# wrapping a box



## 72caddydeville (Jul 26, 2004)

i got a sub box, its about 3' wide, 1.5' long, and 1.5' tall. i want to wrap it in some white vynil. how would i do this?? first time wrapping something like this.


----------



## CarShowDisplays (Sep 15, 2005)

the hard part about vinyl and speaker boxes, is you have to hide the seams. If you take an upholstery approch to it and wrap it like a seat or a couch you will pre sew the seams together and strech the pre-made piece over the box.

If you take a car audio installer approch to it. you can't do vinyl the same way you do carpet. the box has to be super smooth and have the screw heads filled and sanded, any little bump or imperfection will show up in the vinyl. 

if you don't care about the sides being seen, smooth out the front, and glue the box, and the vinyl. then wrap the vinyl starting from the bottom and go aroung the front, top back and then the bottom. you can staple the bottom seam becuase it will not be seen. 
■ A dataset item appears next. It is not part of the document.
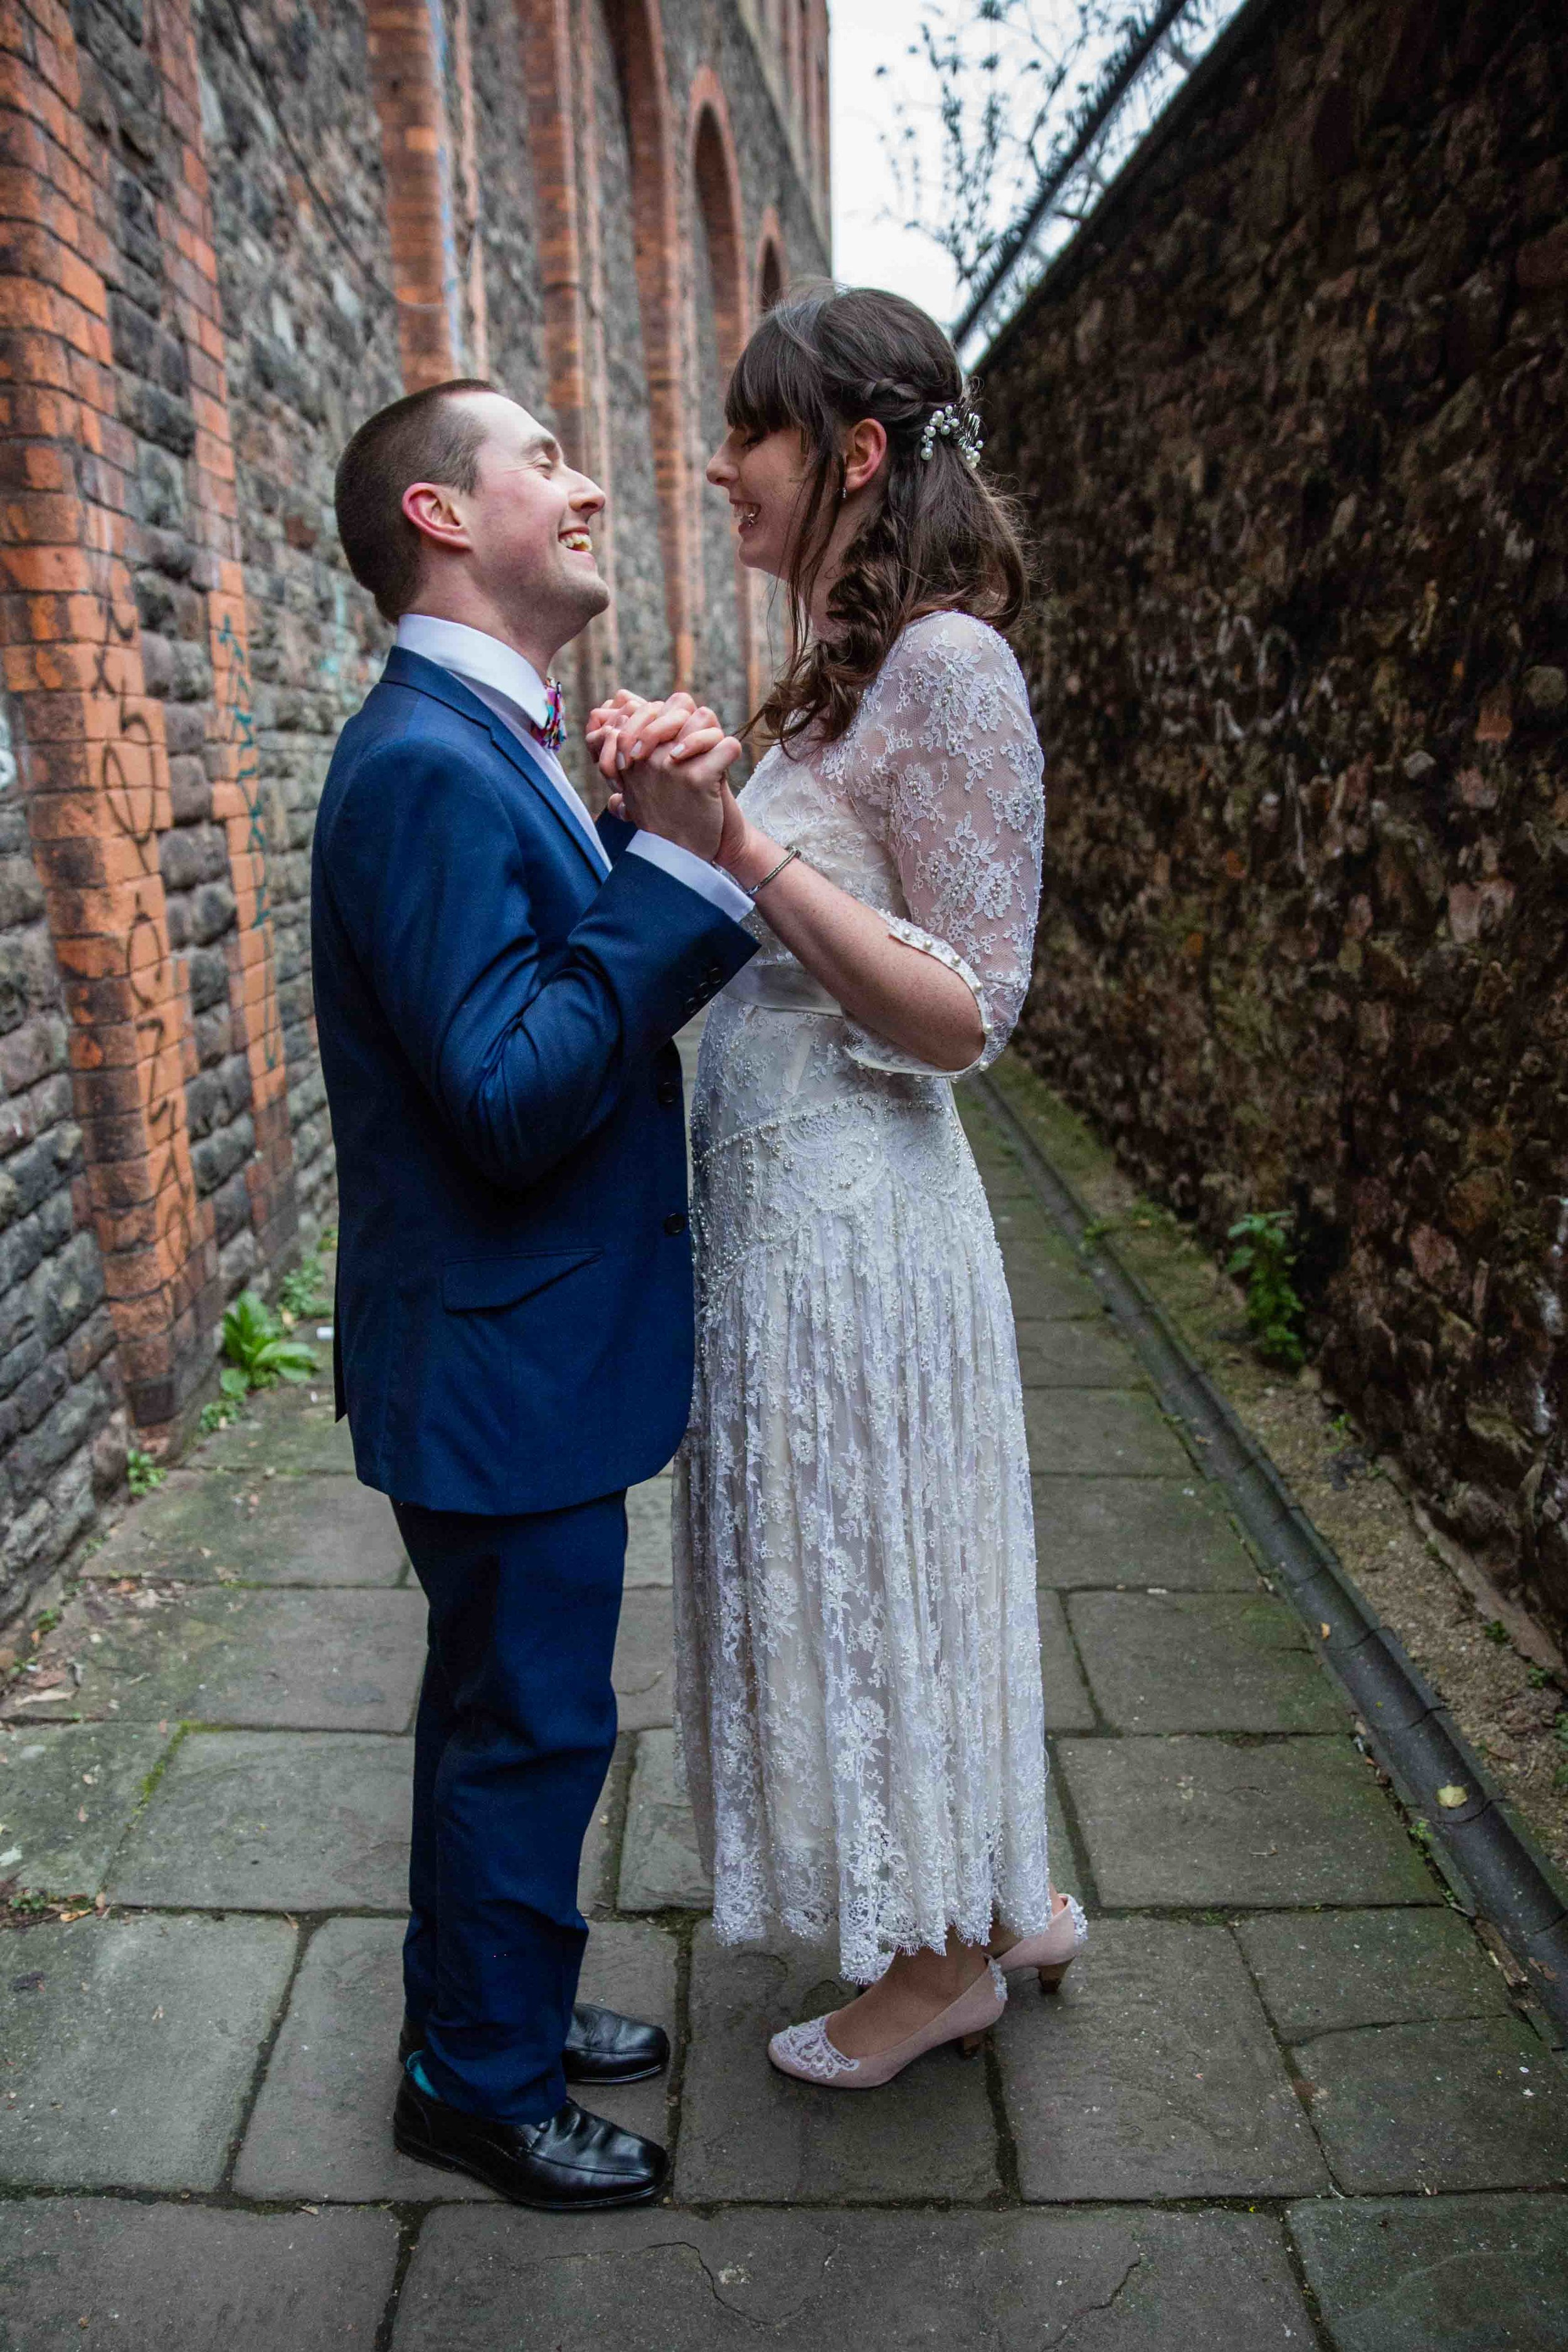 Adam & Faye - Wright Wedding Photography - Bristol Wedding Photographer -307.jpg
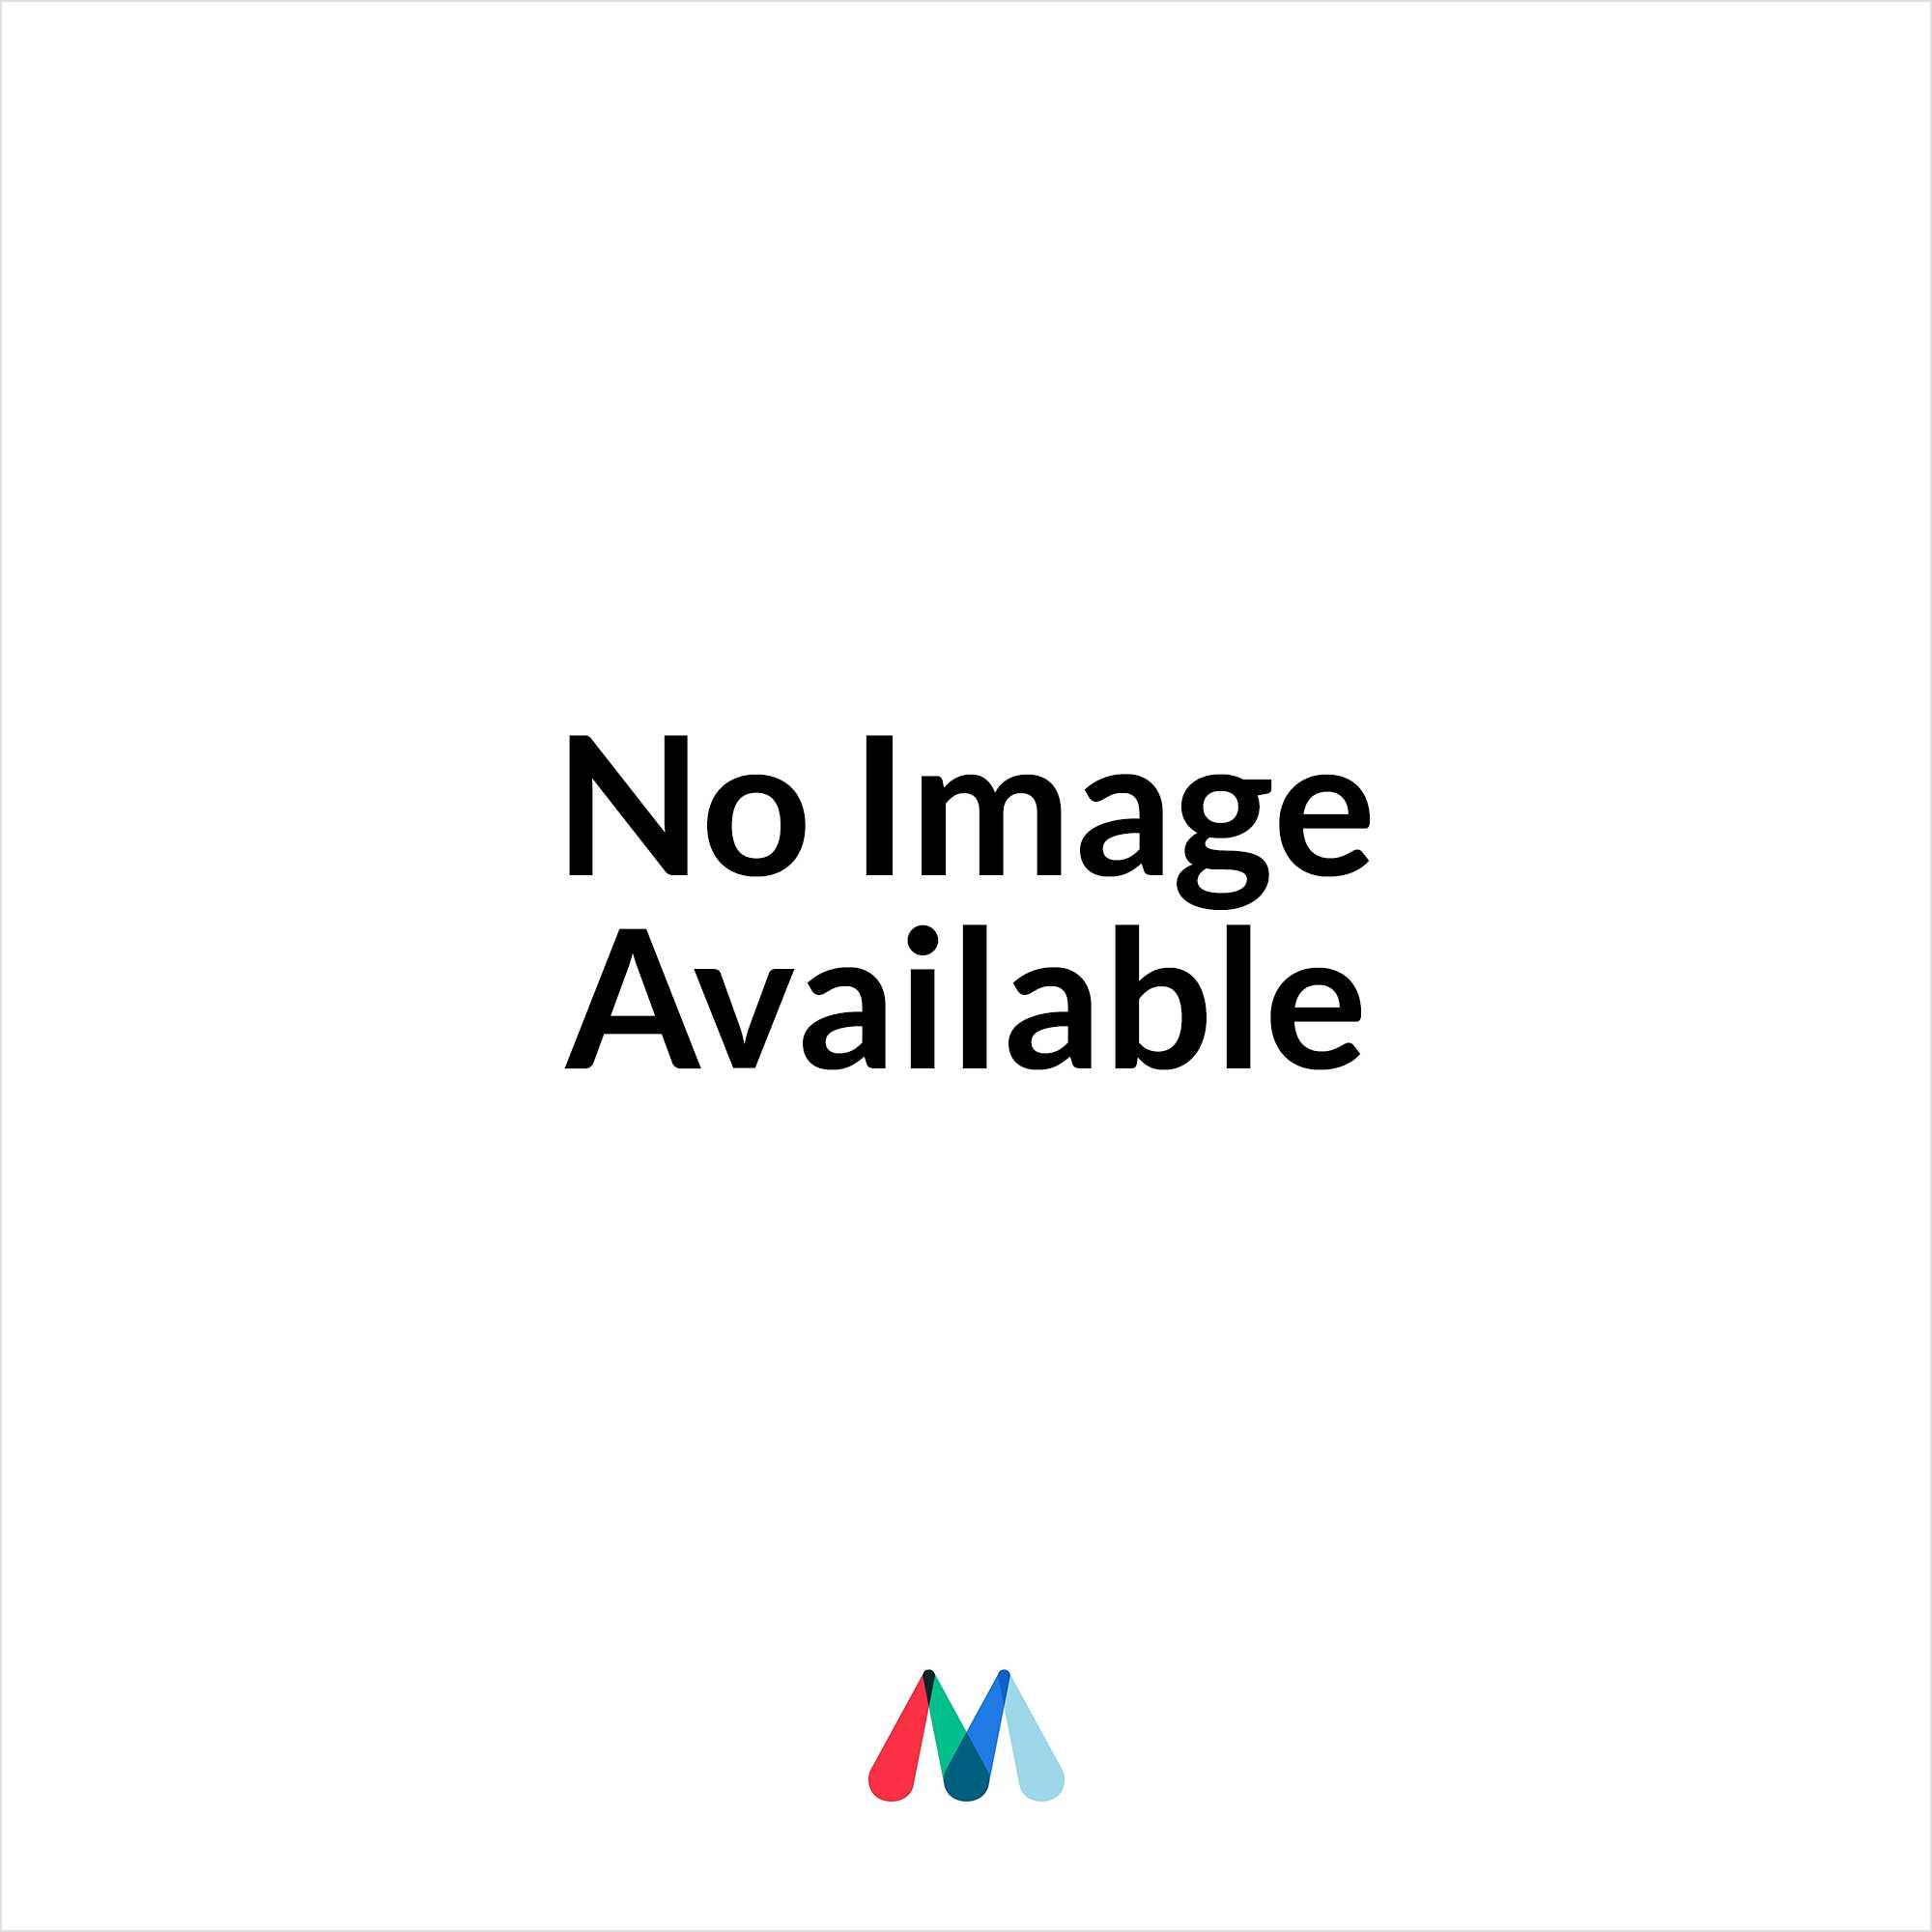 FIBRE LED LIGHT NW Fibre Optic Light Injector - Low voltage

if you sides will show, you can to the same in wraping one piece around the bottom, front, top, and back. and then maybe make some kind of "End caps" for the sides and glue them on or screw them on from the inside of the box. 

if you can, use a router with a roundover bit and round off all the corners of the box. this will make it easier to pull the vinyl tight.

when you build a box from scratch knowing you want to vinyl it. it will make it easier to have the sides sink in a 1/2in (like a lot of the pre-fab boxes are), wrap the vinyl as best you can around the sides, and make an end cap that will fit inside the sunk in sides of the box. 

I cover about 8-10 boxes a month at work
DC


----------



## 59Impala (Oct 13, 2004)

I wonder how it would look if you took aluminum angle and put in on all the sides and angles to help hide the seams....you could mirror polish it and it would look like a polished cage around your vinyl.


----------



## japSW20 (Jan 13, 2005)

why not just wrap it in padding like on vinyls roofs before the vinyl so it hides the imperfections?


----------



## JUICEDEXPL (Oct 10, 2004)

yeah use 1/8 inch foam padding underneath and your good to go


----------